Showing posts with label Spot. Show all posts
Showing posts with label Spot. Show all posts

Sunday, May 27, 2007

See Spot Run






I realized today that although I had introduced everyone in our family, I left out one important family member. I think I subconsciously did it because to me he is more of a pain in the ass than a family member at this point. His name is Spot. Carson and Hayden named him, and even though that is a very unoriginal name, and every time we tell someone what his name is they kind of chuckle in a that's-the-dumbest-name-I've-ever-heard sort of way, we felt it was important for our dog to be named Spot because Carson and Hayden were so proud of the name that THEY picked out on their very own because he has spots and it fits him so perfectly. His nickname is Spotty, according to the boys. I do feel guilty about not feeling all lovey-dovey about Spot, but he is a royal pain to deal with. I would love nothing more than to have him lay by me in bed (after he's had a bath, of course) and cuddle with me while I watch TV at night after the kids have gone to bed, but it's impossible. Believe me, I've tried on several occasions. This dog does not have an OFF button, except when he is in his crate. I really feel guilty when I look in his cute puppy face with those cute puppy eyes, until he jumps up and tries to gouge my eyes out with his sharp, razor-like puppy teeth. Of course, he's just playing, but it's not the kind of play I like.

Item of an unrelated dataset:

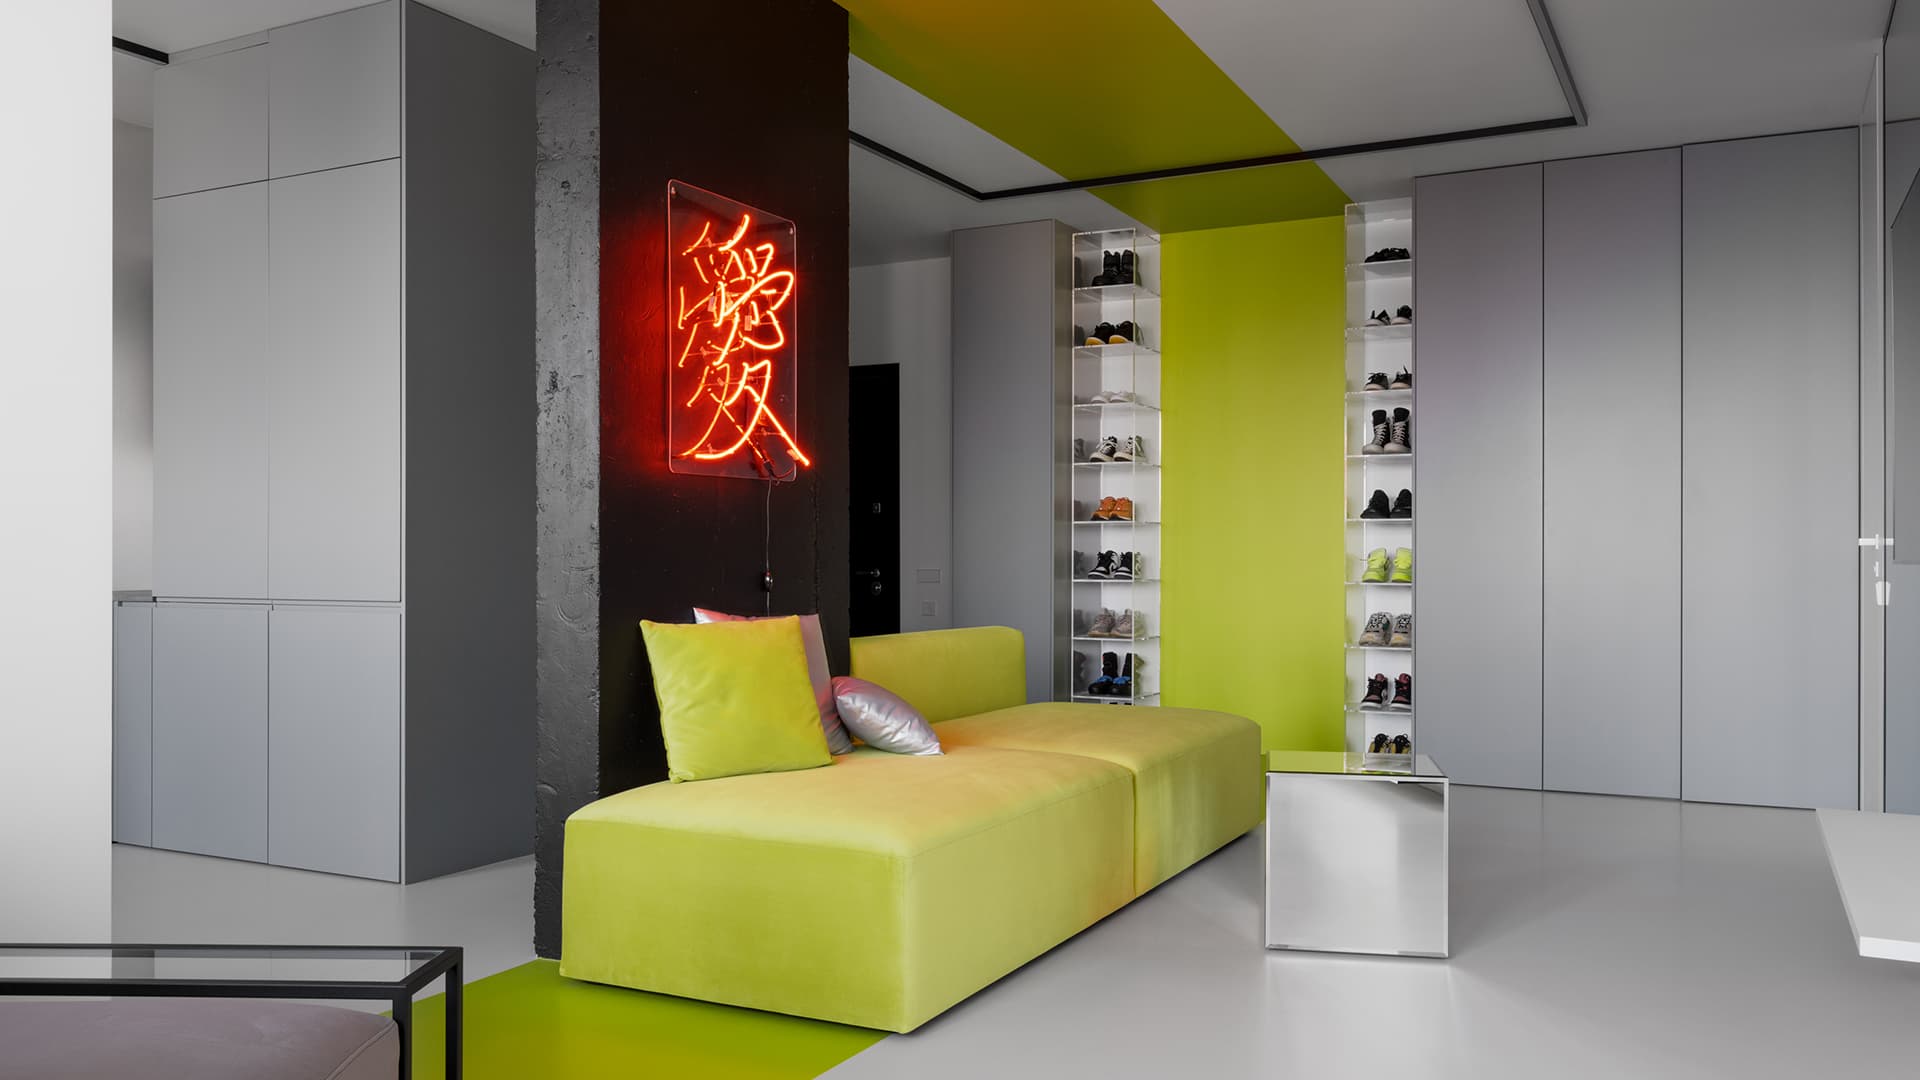 Свежие цвета в технологичном интерьере квартиры для студента – проект Рустэма Уразметова

Mike and I first got a dog in 1991, right after we bought our house. I wanted a dog before that, but Mike convinced me that it wasn't practical in an apartment and I finally agreed. Three months after we bought our house he adopted Sammie from the Humane Society. Of course, since we didn't have kids yet he was like our kid. We took him everywhere. He slept in our bed sometimes (after he'd had a bath). After we were married we even had arguments over who would get to keep Sammie if we ever got divorced. Sammie died in 2003 right before Thanksgiving. It was very sad. Carson was devastated. Hayden didn't care because he was too young. Ever since Sammie died I had thought of getting another dog, but it was kind of nice not having one since it eliminated a lot of work, especially with two kids also.

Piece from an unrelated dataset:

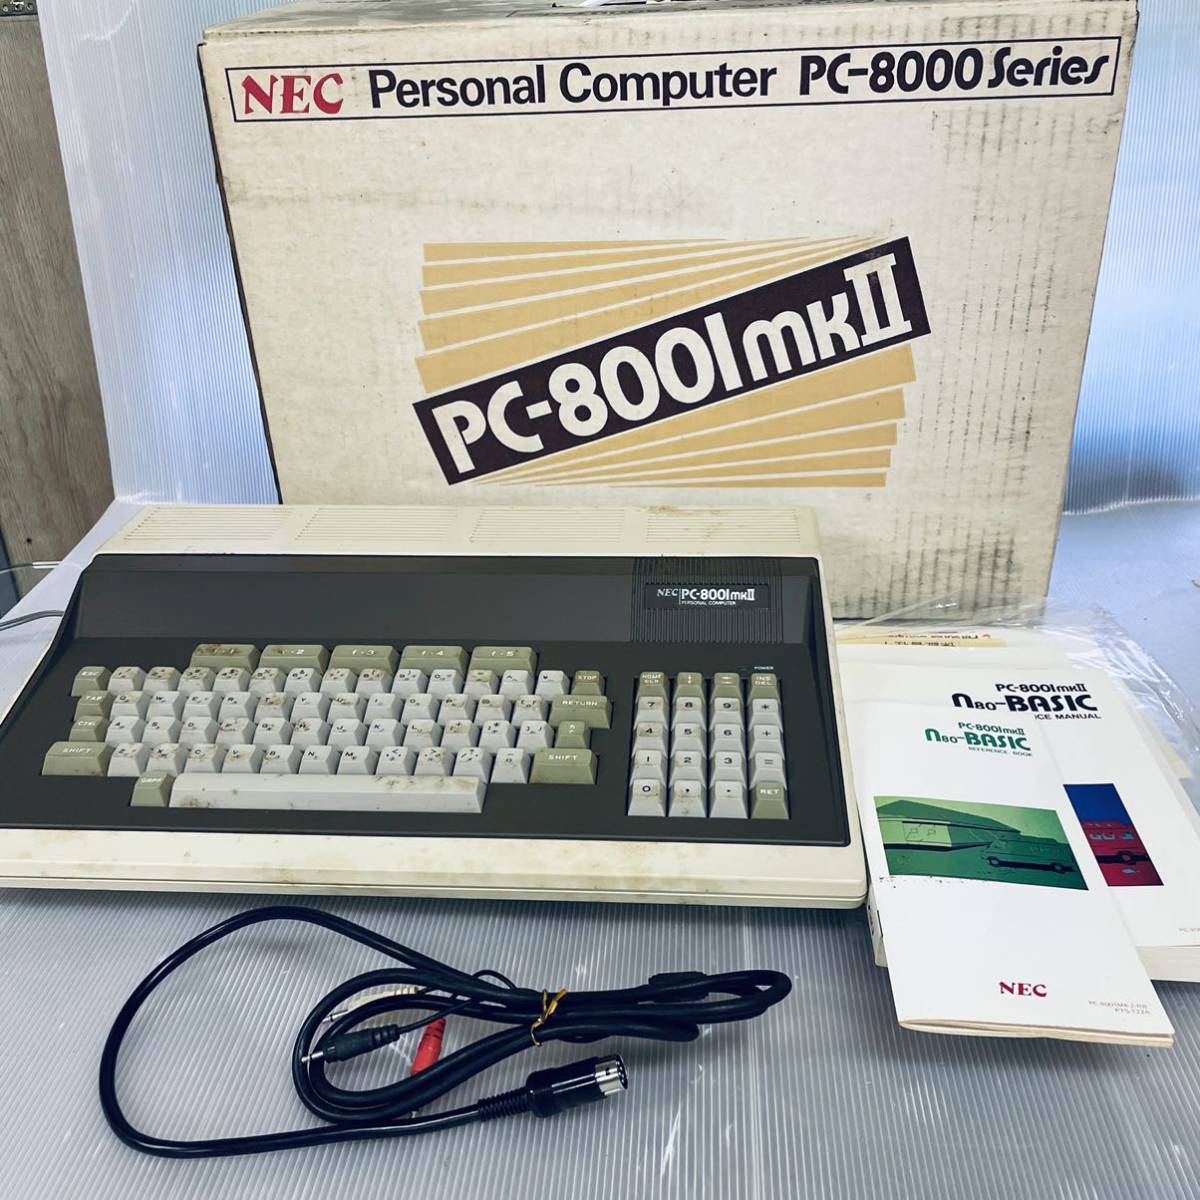 通電確認のみ・箱説明書あり】NEC PC-8000シリーズ PC-800lmkⅡ キーボード 日本電気株式会社 カイテキ

Last summer we went on a family reunion and Mike's cousin and his wife and kids brought their dog, Chance, along. Our kids loved that dog and wouldn't stay away from it. We decided it might be time to get a dog for the kids. I always had pets growing up and I think it is great for kids to have a dog to play with and take care of. I have great childhood memories with my pets. Anyway, we decided to get a dog for Christmas. We wanted to get one from the Humane Society, and we couldn't work out the logistics of having Santa Claus bring a dog for the kids, so Mike and I just went and found Spot and brought him home a few weeks before Christmas as an early present. He was four months old at the time.

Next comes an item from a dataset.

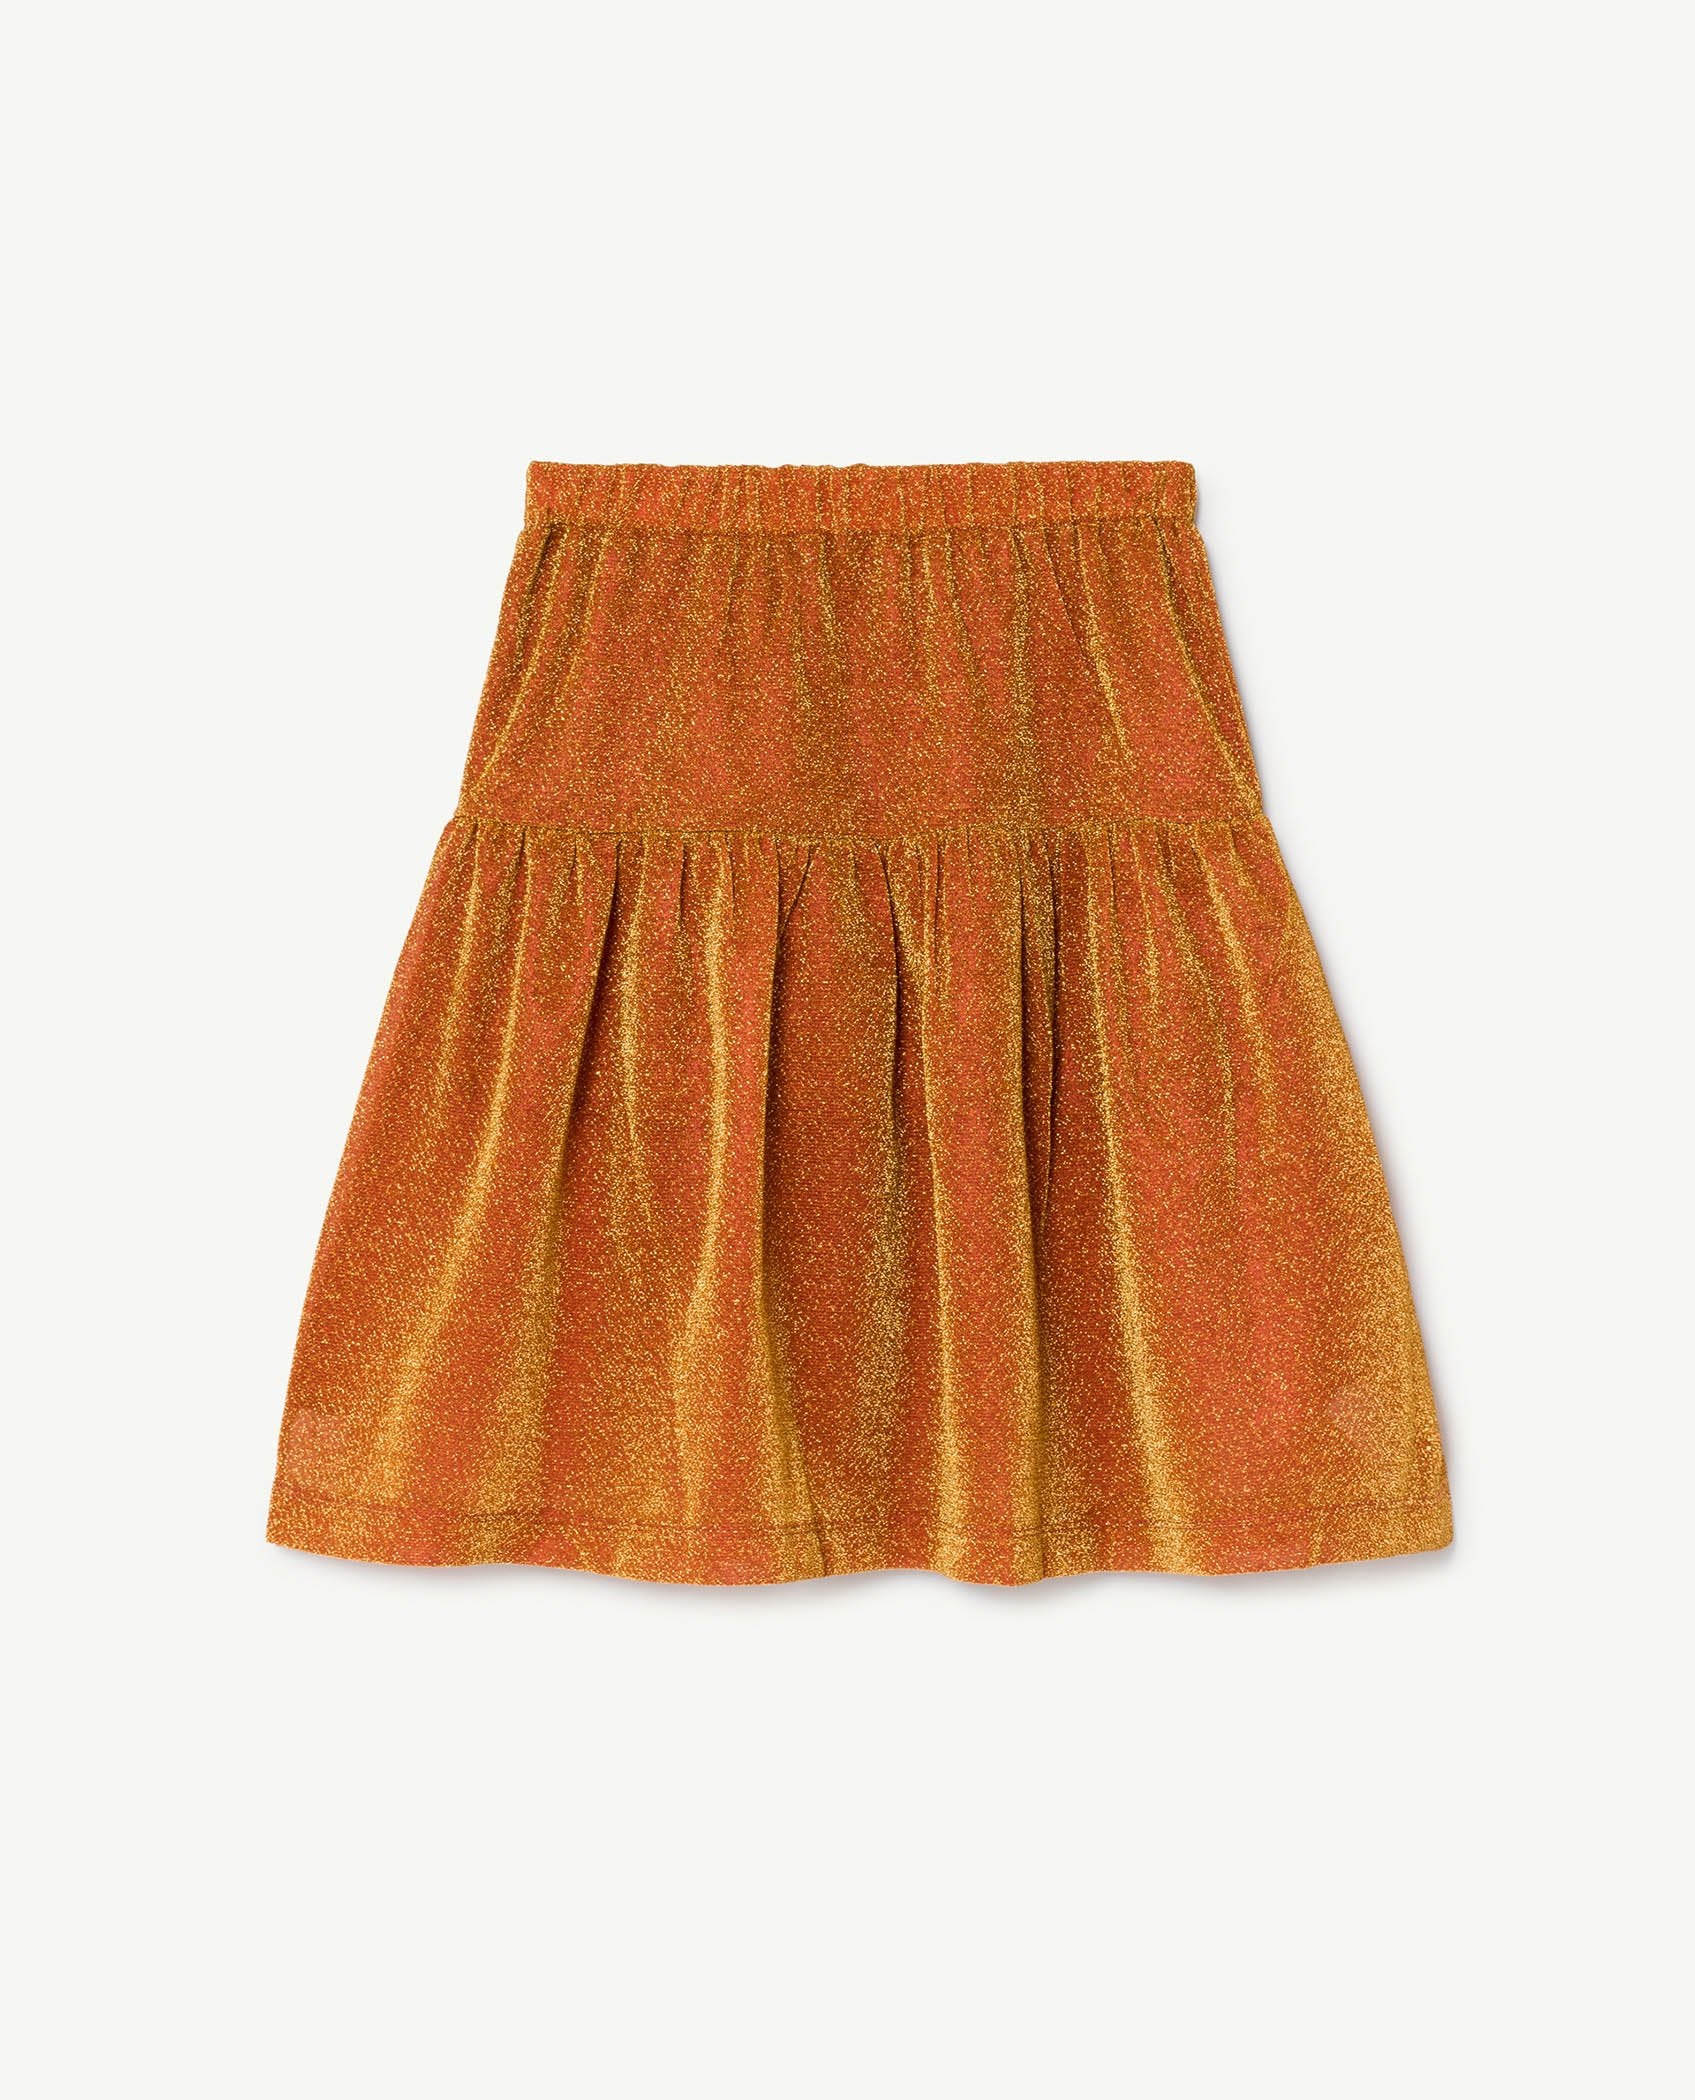 Orange Turkey Skirt PRODUCT BACK

The kids loved him, until he started biting them with his puppy teeth. Then they were scared of him. They got used to him and he started biting less and less. We just had to explain that he wasn't biting to be mean, it's just the way he played. Since then the kids and Spot get along great. He has calmed down a lot with them, even though he is still hyper. He has just learned not to jump and bite every second of the day.

For me getting used to him has been a little harder. For one thing, I am much more of a germ freak than I was when we had Sammie. I don't like Spot going out to go to the bathroom and then come and sit on the carpet, so he stays off the carpet mostly. Also he will go roll in the dirt and then I don't want to pet him because he is dirty. I would love to hug him and pet him and roll around with him, but a dog just seems so dirty to me. I wish there was a way to keep him sparkling clean every minute. I did see some dog wipes at the pet store that I want to get just to wipe him down every day. I was thinking about all of this today and decided I just need to suck it up and try not to be too paranoid about the germs.

Besides being dirty here is a list of other annoying things about Spot: he is a spaz, he still jumps on people, he still bites when he plays, he digs up our backyard, he chews up anything and everything he can find in our backyard, if we let him in the front yard off the leash he won't come when called, he is a total freak if we try to take him to Petco, he is a total freak when I take him to the vet, he is somewhat of a freak when he goes for walks, and I'm sure there are other things I just can't think of right now. He obviously needs obedience training, which I am looking into.

After I was thinking how guilty I feel about the lack of attention I give him, I gave him a bath today, which he really needed, and then I took him outside to play in the front yard with a very long leash. I brought a bunch of treats with me and was trying to make him mind. He did pretty good, although he did get out of control a few times. I worked on having him sit and come when I called. Of course I had the leash on him the whole time so he wouldn't take off. He was doing so well that I took the leash off and had him come when I called and when he did I gave him a treat. A couple of times he started running uncontrollably but when I called and showed him a treat he would come. After we played with the leash off for a few minutes he actually came to me and I put it back on and brought him inside.

Maybe all he needs is more attention from me, since I'm the one that sees him the most. Everyone else gives him a lot of attention, but I'm the person he is around the most. After today I feel a lot better about our relationship. I just need to set aside my fear of germs and give him lots of loves, even when he's a dirty, stinky mess.